RECORDED INFORMATION.
----------------

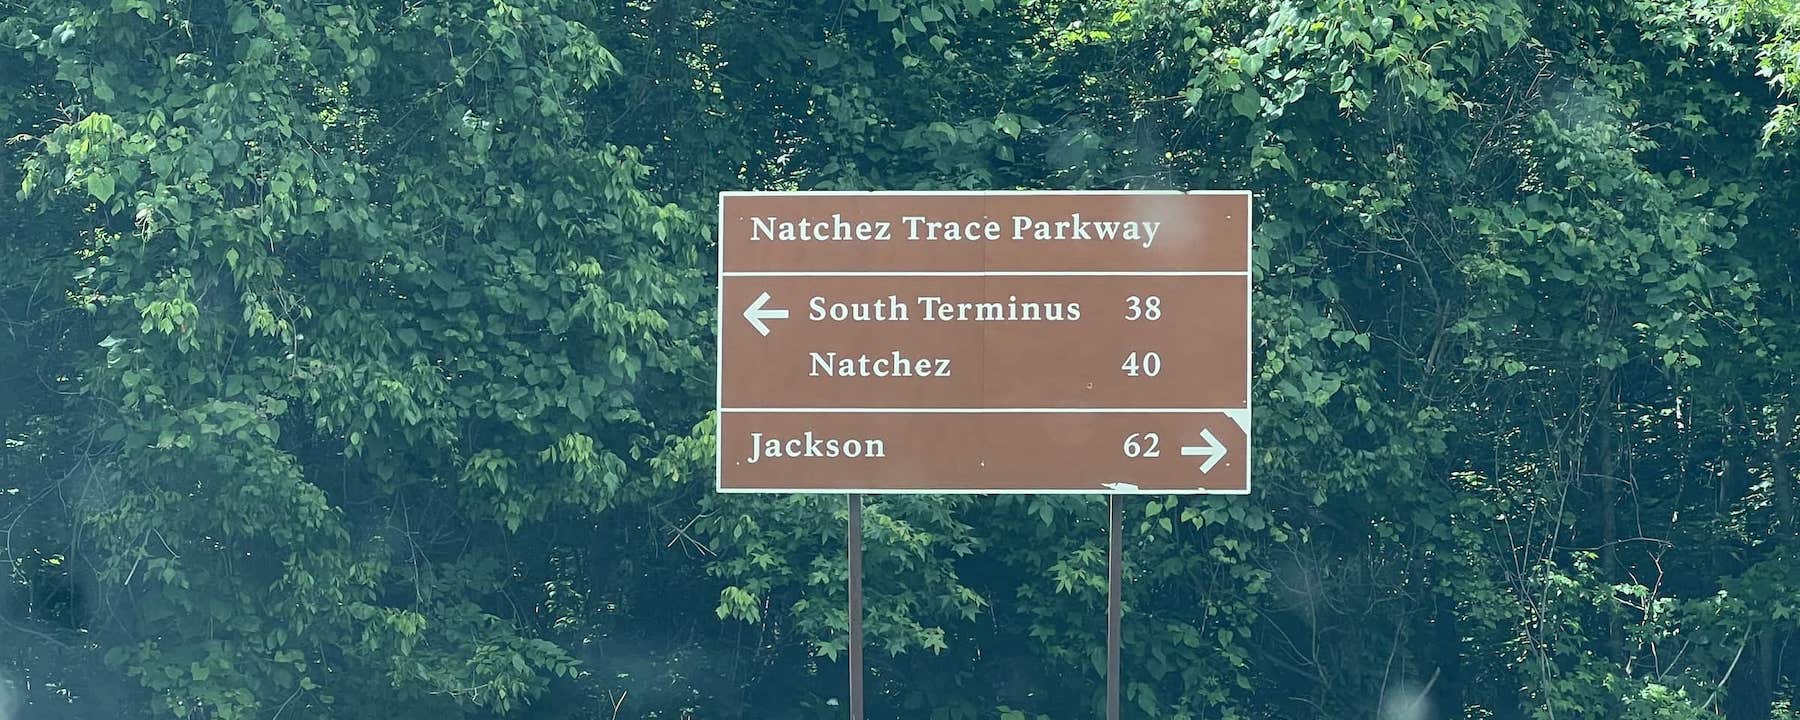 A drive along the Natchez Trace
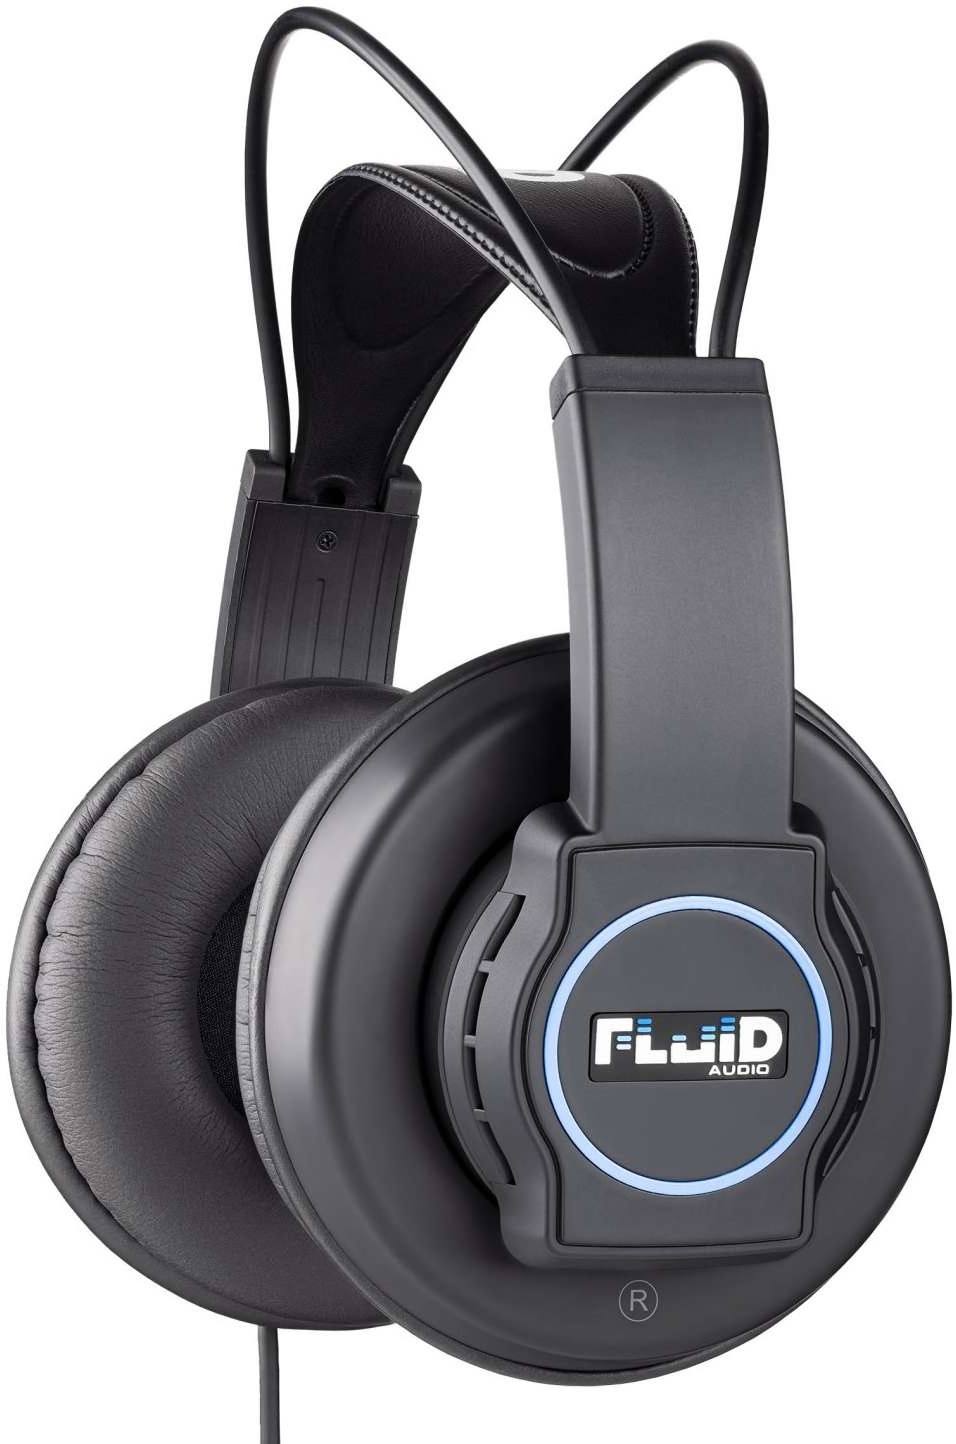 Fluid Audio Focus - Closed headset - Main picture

----------------

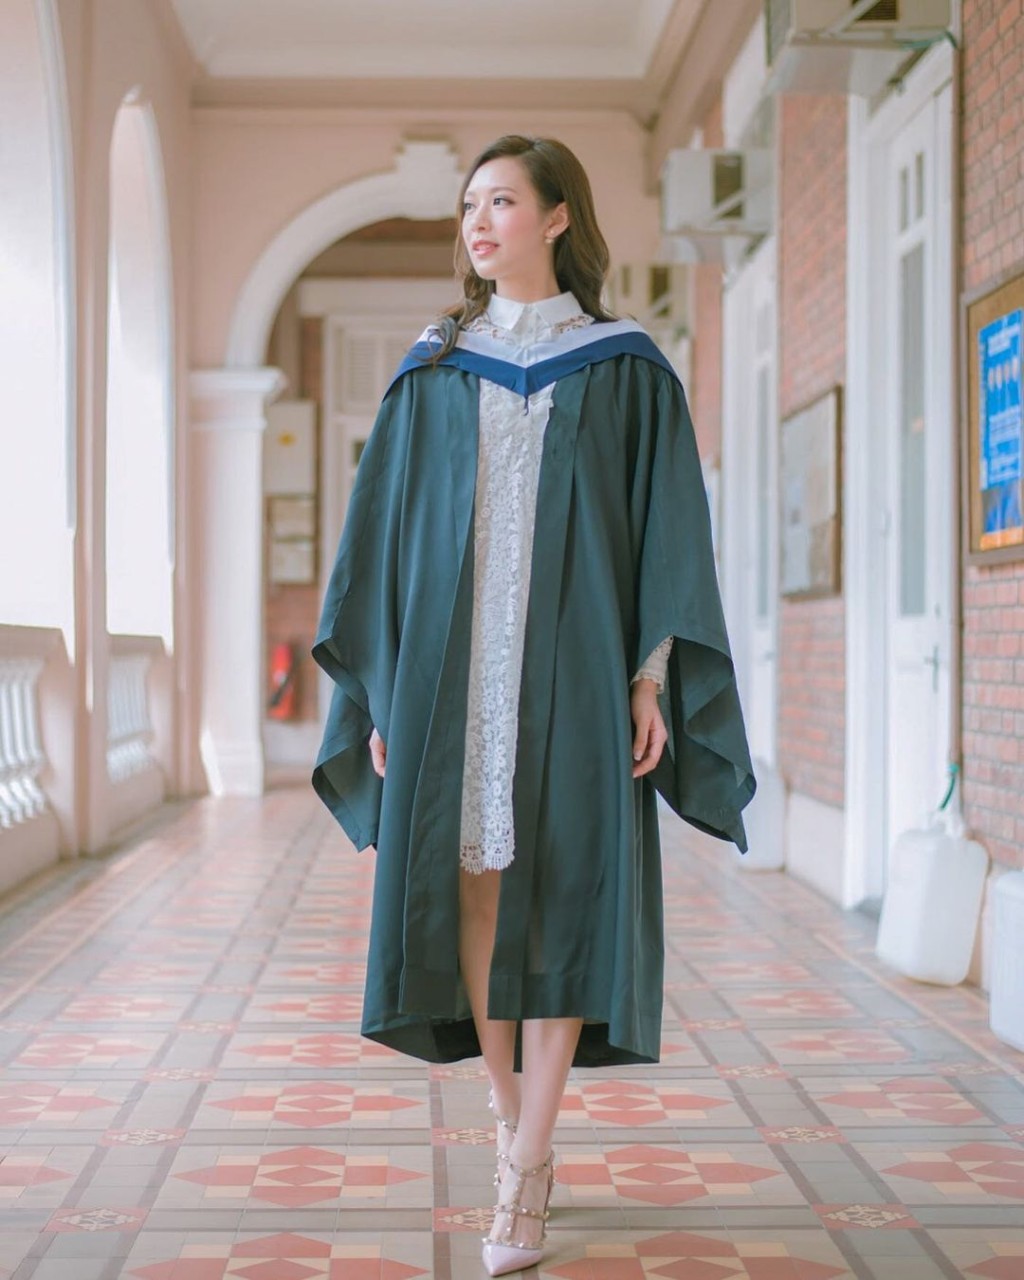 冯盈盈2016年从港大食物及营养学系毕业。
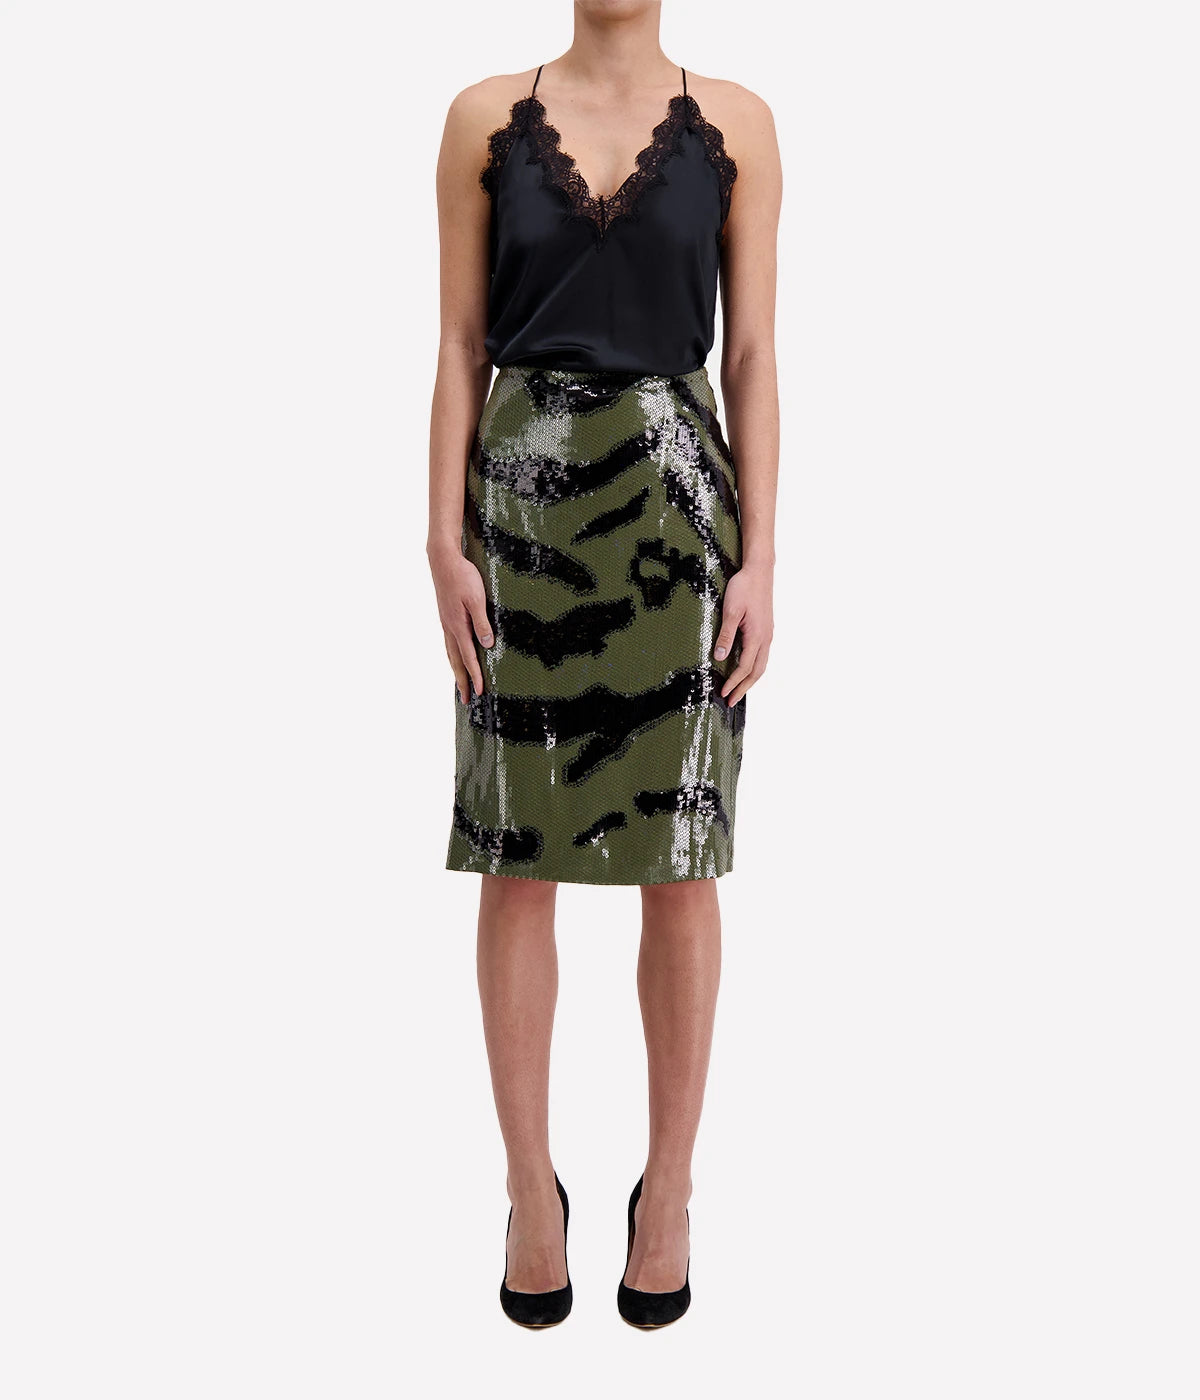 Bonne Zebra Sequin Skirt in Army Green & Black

----------------

A clean copy is needed of the lines in the listing above from the one with "A drive along the Natchez Trace" through the one with "Fluid Audio Focus", exact in every word and free of pictures.

 A drive along the Natchez Trace
 Fluid Audio Focus - Closed headset - Main picture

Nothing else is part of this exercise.